3. If your mother-in-law, the Avon lady, gives you "Ironman" aftershave and cologne, then you might be a triathlete.

Thankfully, it does not actually smell like Ironman. I guess urine and B/O did not sell.

4. If you have to take a bike trainer, a wetsuit, a bike, four sets of workout clothes, a helmet, bike shoes, sunscreen and nutrition on a two day business trip, you might be a triathlete.

5. If you doubt whether a session adds to your fitness in the absence of Garmin data to upload to Training Peaks and share with your coach you might be a triathlete.
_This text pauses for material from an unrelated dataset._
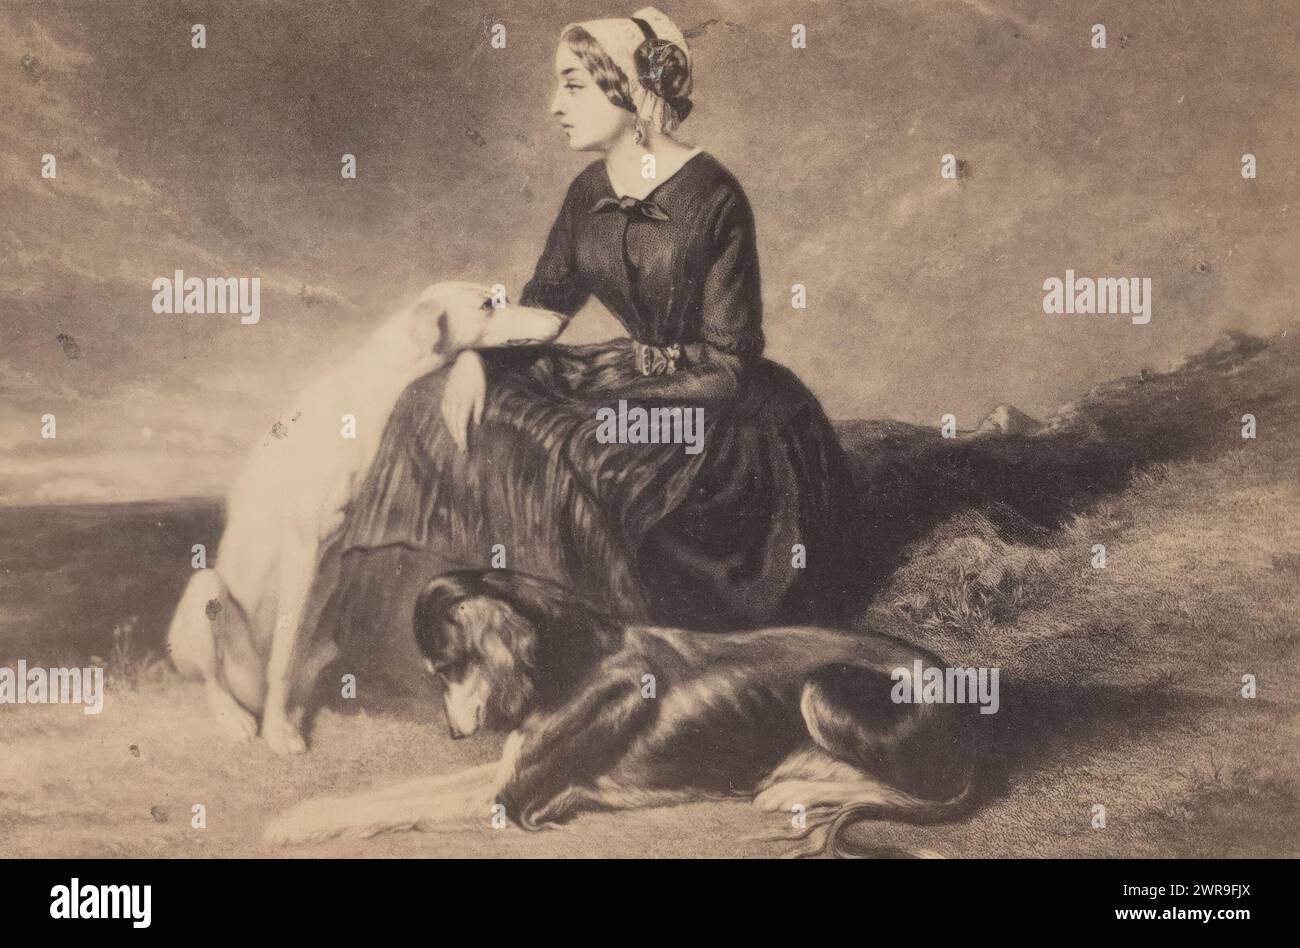 Reproduction photo d'un tableau, femme avec deux chiens dans le paysage, cette photo fait partie d'un album., Alfred de Dreux, après peinture par : anonyme, Berlin, 1860 - 1900, support photographique, tirage à l'albumen, hauteur 61 mm × largeur 101 mm, photographie Banque D'Images

For that matter, if you are over 40 and you have a coach at all, you might be a triathlete.

6. If you associate a massage with pain, you might be a triathlete.

7. If the word "base" does not conjure images of the National Passtime and "taper" makes you think of racing rather than candles or shapes, you might be a triathlete.

8. If you cannot stay awake in a darkened movie theater for two hours, you might be . . . a . . . z-z-z-z-z-z *snort*

9. If you start thinking on Monday about where you're going to ride on Saturday and who with, you might be a triathlete.

10. If you think neoprene is hawt, you might be a triathlete.

Feel free to add your own in the comments.